I started building a position in Dynatrace recently and am intrigued. Bert has written on the name a few times and it has been mentioned here a bit as well. Here’s a little information about the company and why I started a position.

Dynatrace is in the observability market - a very hot area of IT currently. Reference DataDog as the prime example. The company began in 2005 and went public in 2019. The CEO has been at the helm since 2008 (IIRC).

About 2 years ago, the company redesigned their platform for the cloud. They’ve also transitioned from a licensed to subscription based model that is 98% complete based on revenues.

I’m not capable of providing first hand knowledge on their solutions compared to others, but Gartner rates them at the very top right of their magic quadrant today. Bert has suggested Dynatrace’s success is at least part and parcel to New Relic’s recent stumbles. From what I’ve read, Dynatrace seems very well situated in their space that consists of larger clients. Dynatrace claims a customer TAM of 15,000 and is currently about 15% of the way there and plenty of growth remains within the current cohort.

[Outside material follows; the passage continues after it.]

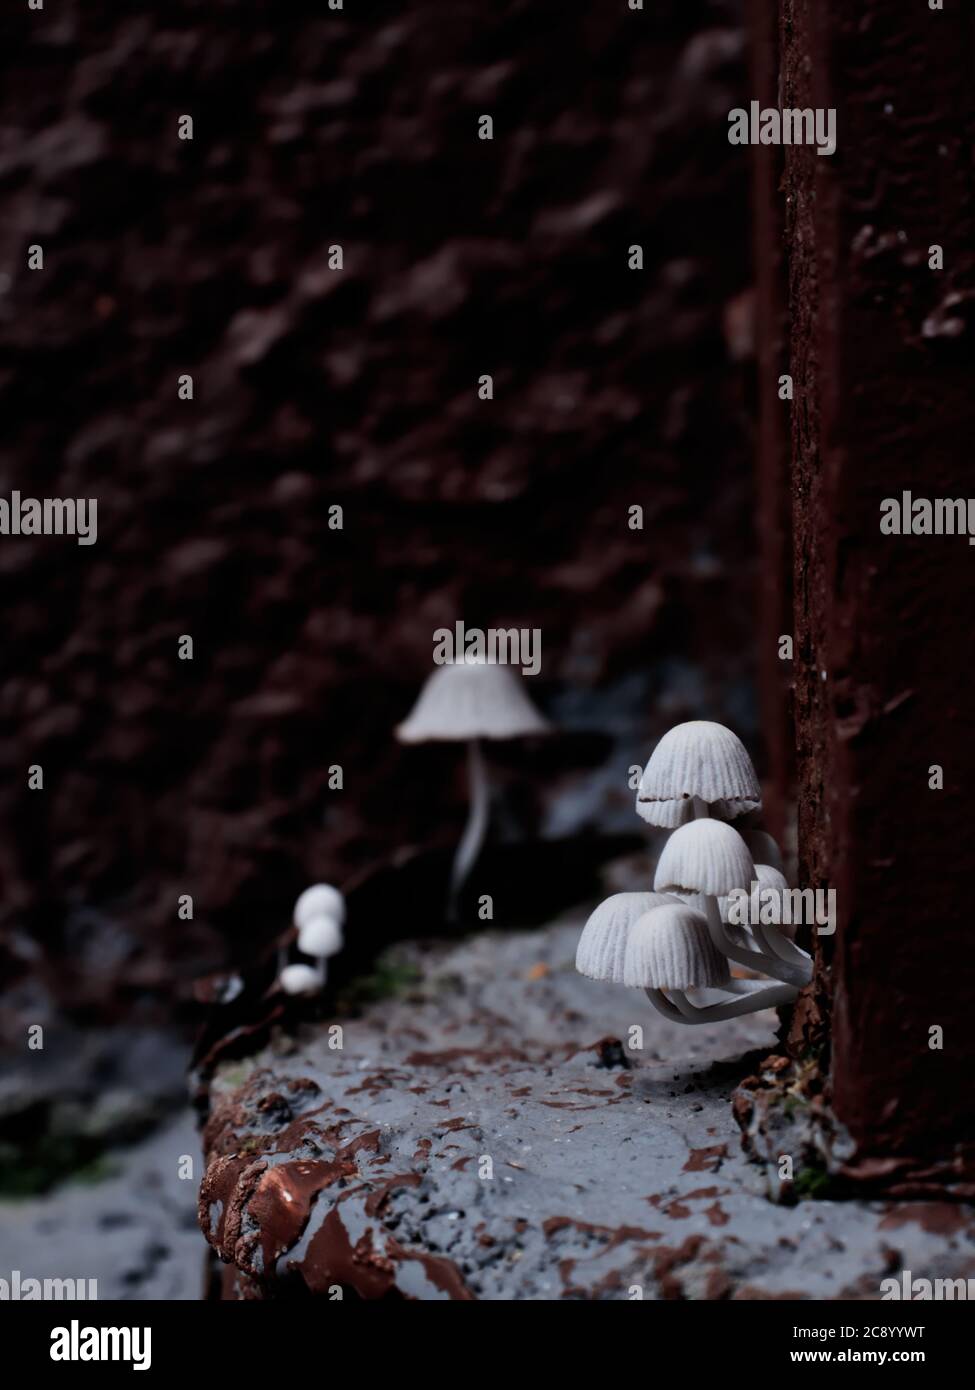 Small white wild mushrooms blooming in a dark corner. Stock Photo

Dynatrace claims some 2% to 5% of applications are monitored and observed today and while they do have some customers in the 20% to 30% range, they believe that will grow to closer to 50% for most over time.

Dynatrace’s single platform works for all cloud, all on-Prem or hybrid which does seem to be a significant selling point for their solutions. Comparisons to DataDog especially considering growth rates will enter one’s mind undoubtedly. Dynatrace is selling to a higher profile client on average that requires multi-faceted functionality. The average ARR per customer is now $220,000 and the typical land is in the $100,000 range. One should not expect the same trajectory of growth between the two companies.

Following are the reasons why I am excited about the company:

ARR has been growing around 43% for the past 4 quarters. Subscription plus services has been growing at a steady 36% to 37%. Gartner rates Dynatrace very high. Gross margins are excellent. Revenue growth will begin to track closer to ARR growth especially as their license component becomes zero (that is very close). And finally, the company is incredibly profitable!. Operating margins are +25% or thereabouts - yes that was a “+” sign and not a misprint. FCF yield is also extremely high at around 30%. Those are incredible metrics!

I’d be interested to hear what others have to say on Dynatrace and let me know of any questions on the above.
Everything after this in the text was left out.